Sixty-three years ago, Joseph S. Wood returned home to Salt Lake City after serving for two years in the British Mission. A few days later, he was invited with two other returned missionaries to a Sunday night gathering of the "Windsor Group," an informal group of young men who had all served in the British Mission during that time period. It was on that Sunday evening in 1937 that Brother Wood met a young Gordon B. Hinckley, who had returned from England in 1935. "By that time he had earned the appreciation of everybody who knew him," Brother Wood, now a member of the Parleys 1st Ward, Salt Lake Parleys Stake, related for the Church News.

Through the "Windsor Group," these brethren, including Elder G. Homer Durham (later a member of the First Quorum of the Seventy who died in 1985), forged friendships that have lasted more than six decades.
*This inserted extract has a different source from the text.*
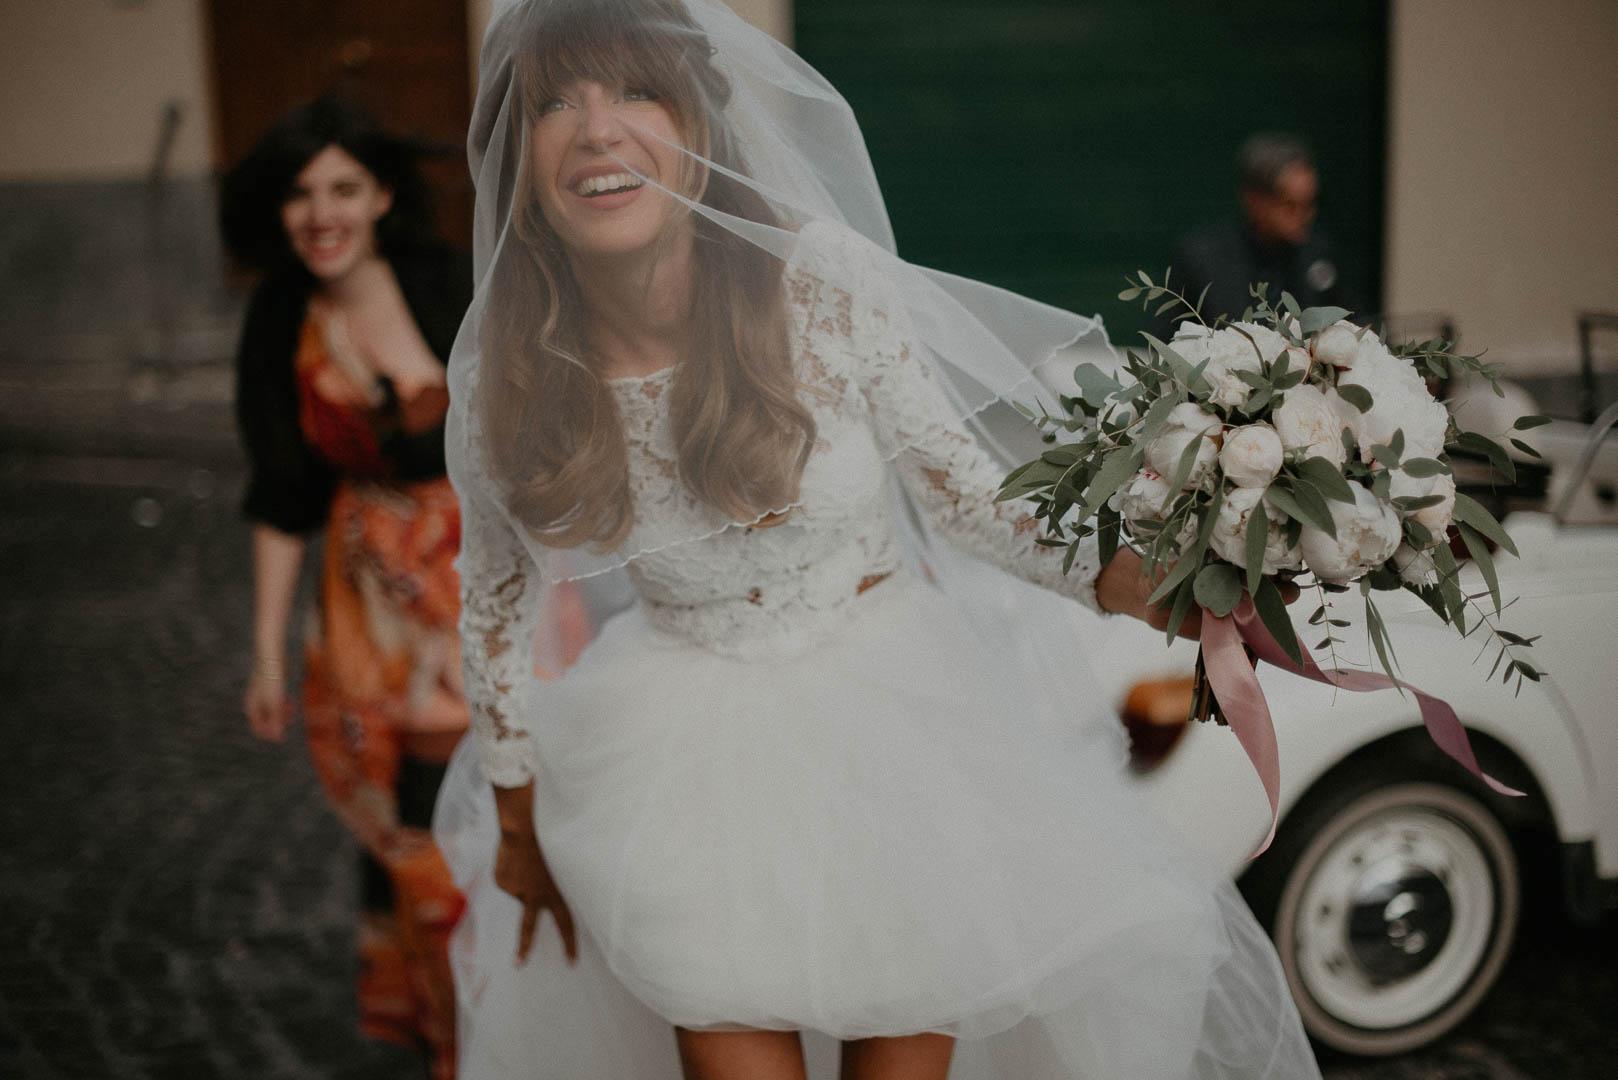 wedding-photographer-destination-fineart-bespoke-reportage-napoli-nabilah-vivianeizzo-spazio46-53

It was during one such meeting a year ago that President Hinckley's tenderness as a friend was never more apparent to Brother Wood, who related the following:

"My wife [Janet] had passed away on her 80th birthday. We had a Windsor meeting within a month of her death. It was in the summer time. We had an outdoor meeting at the home of Paul Badger [also of the Windsor Group]. I was feeling the loss very deeply. As we were being seated, President Hinckley said to our host, 'Put Joe right next to me.' He didn't make a big notice of this, but he mentioned this to Paul. He was so soft. He was so sympathetic and so sweet. Of course, he's always been that way with everybody. But just being his friend meant something."